First, generate random x and y positions.
x_position, y_position = np.random.default_rng().uniform(low=1, high=27, size=(2, 5))
plt.clf()
plt.scatter(x_position, y_position)
plt.xlabel('x_position')
plt.ylabel('y_position')
plt.title('5 randomly generated x and y positions')
#plt.aspect_ratio('square')
plt.show()
Generate stars for each randonly generated x and y position¶
generated_stars = []
for x_pos, y_pos in zip(x_position, y_position):
generated_stars.append(star.create_object(x_pos, y_pos))

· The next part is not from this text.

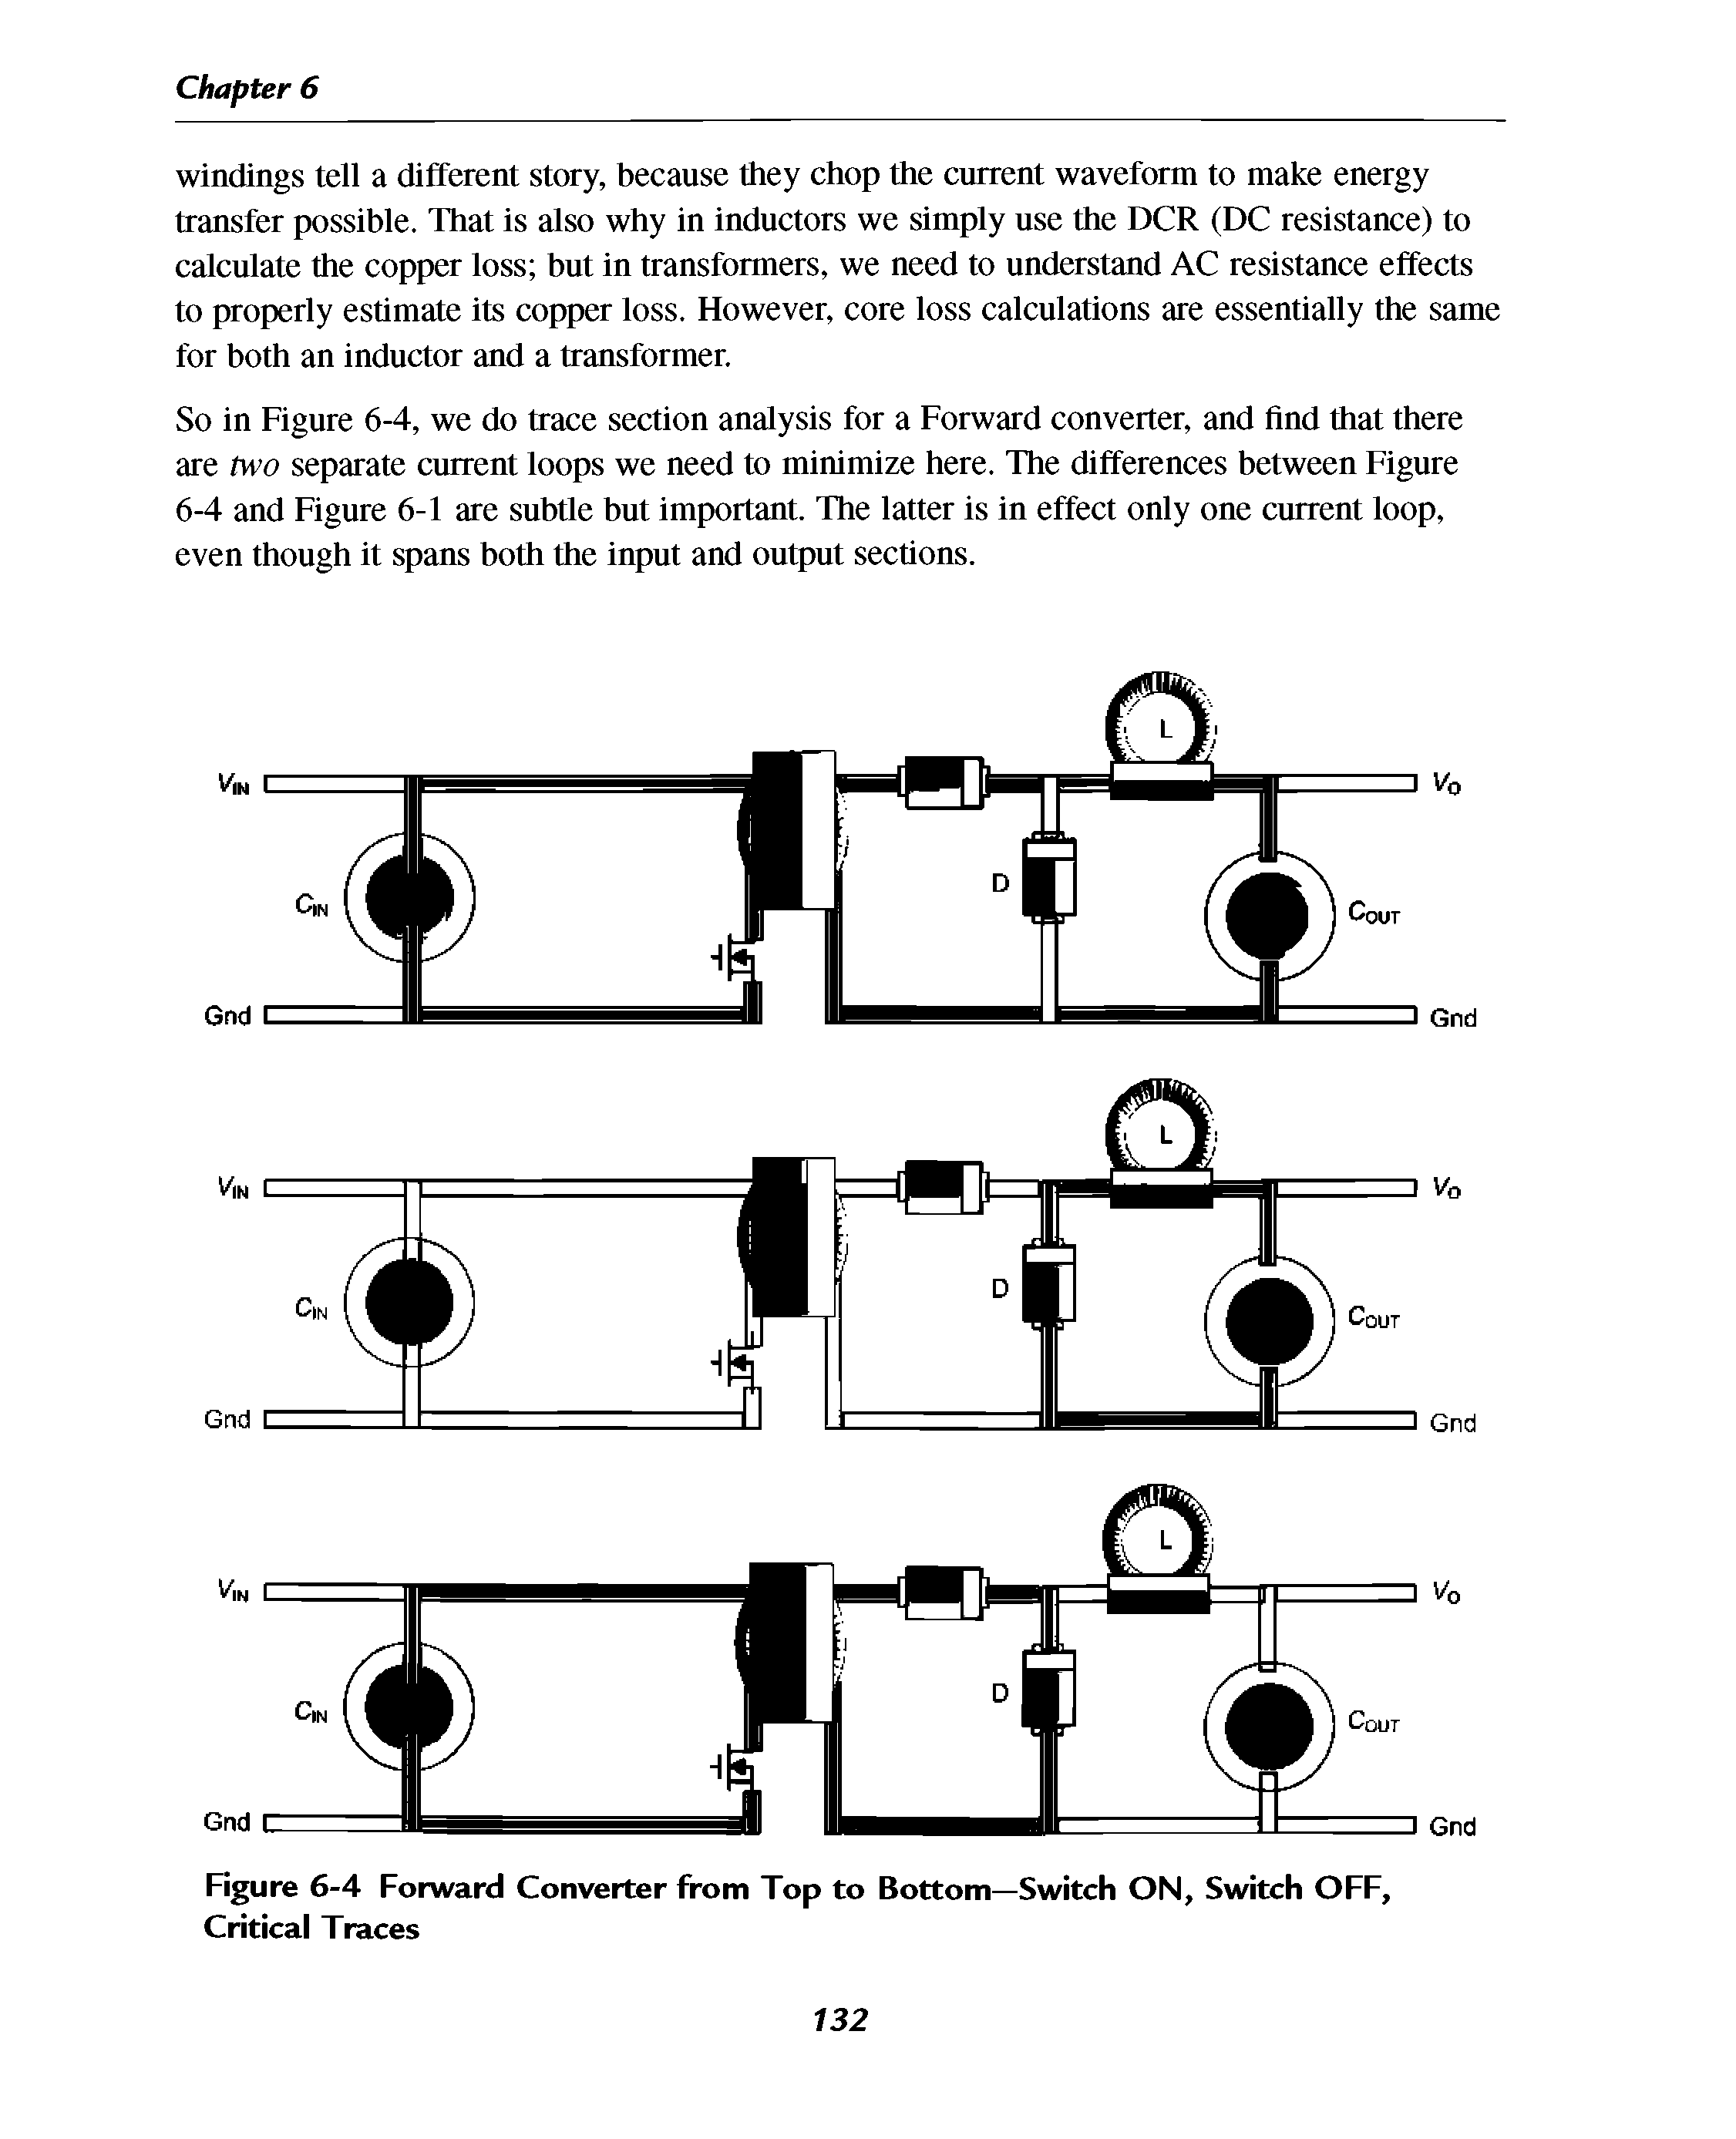 Figure 6-4 Forward Converter from Top to Bottom—Switch ON, Switch OFF, Critical Traces...

Sum and plot the resulting images¶
With overlayed original x and y positions.
plt.clf()
plt.imshow(np.sum(generated_stars, axis = 0), origin = 'lower')
plt.scatter(x_position, y_position, color = 'red')
plt.show()
Repeat the analysis with noise¶
star_noisy = StarObject(
image_dimensions = 28,
noise = 0.1,
radius= 0.8,
amplitude = 5.0
)
generated_stars_noisy = []
for x_pos, y_pos in zip(x_position, y_position):
generated_stars_noisy.append(star_noisy.create_object(x_pos, y_pos))
plt.clf()
plt.imshow(np.sum(generated_stars_noisy, axis = 0), origin = 'lower')
plt.scatter(x_position, y_position, color = 'red')
plt.show()
# Now create a sky image with a combination of astro objects
sky_image = SkyImage(
image_shape=(28,28),
object_noise_level=0.1
) # Add .2 sigma of guassian noise
# A single star in a noisy image
noisy_star = sky_image.combine_objects(
objects=["star","galaxy"],
instance_params=[{'noise':0.2, 'radius':0.8, 'amplitude':1},
{'radius':5, 'amplitude':10}],
object_params=[{'center_x':14, 'center_y':14},
{'center_x':10, 'center_y':5}]
)
plt.imshow(noisy_star)
<matplotlib.image.AxesImage at 0x12b315e10>
Physics Objects¶
Newtonian Pendulum¶
The pendulum object is one of the physics objects. This notebook runs through a couple of examples of initilizing the pendulum class, creating realizations with and without noise, and plotting the result.
import numpy as np
import matplotlib.pyplot as plt
from deepbench.physics_object import Pendulum
The first step is to initilize the pendulum class¶
Inputs include the arm length, the starting angle, and the acceleration due to gravity. The acceleration due to gravity is not required if newton's gravitational constant and phi planet are provided. (We give an example of a hierarchical pendulum below.) The pendulum class also requires 'noise_std_percent', which is a dictionary with the percent error for each parameter.
pendulum = Pendulum(
pendulum_arm_length=10.0,
starting_angle_radians=np.pi / 4,
acceleration_due_to_gravity=9.8,
noise_std_percent={
"pendulum_arm_length": 0.0,
"starting_angle_radians": 0.1,
"acceleration_due_to_gravity": 0.1,
},
)
Generate positions¶
Next, create an array of times and use the 'create_object' to draw the position at all these points in time. The noiseless parameter determines whether noise is added to the positions in time.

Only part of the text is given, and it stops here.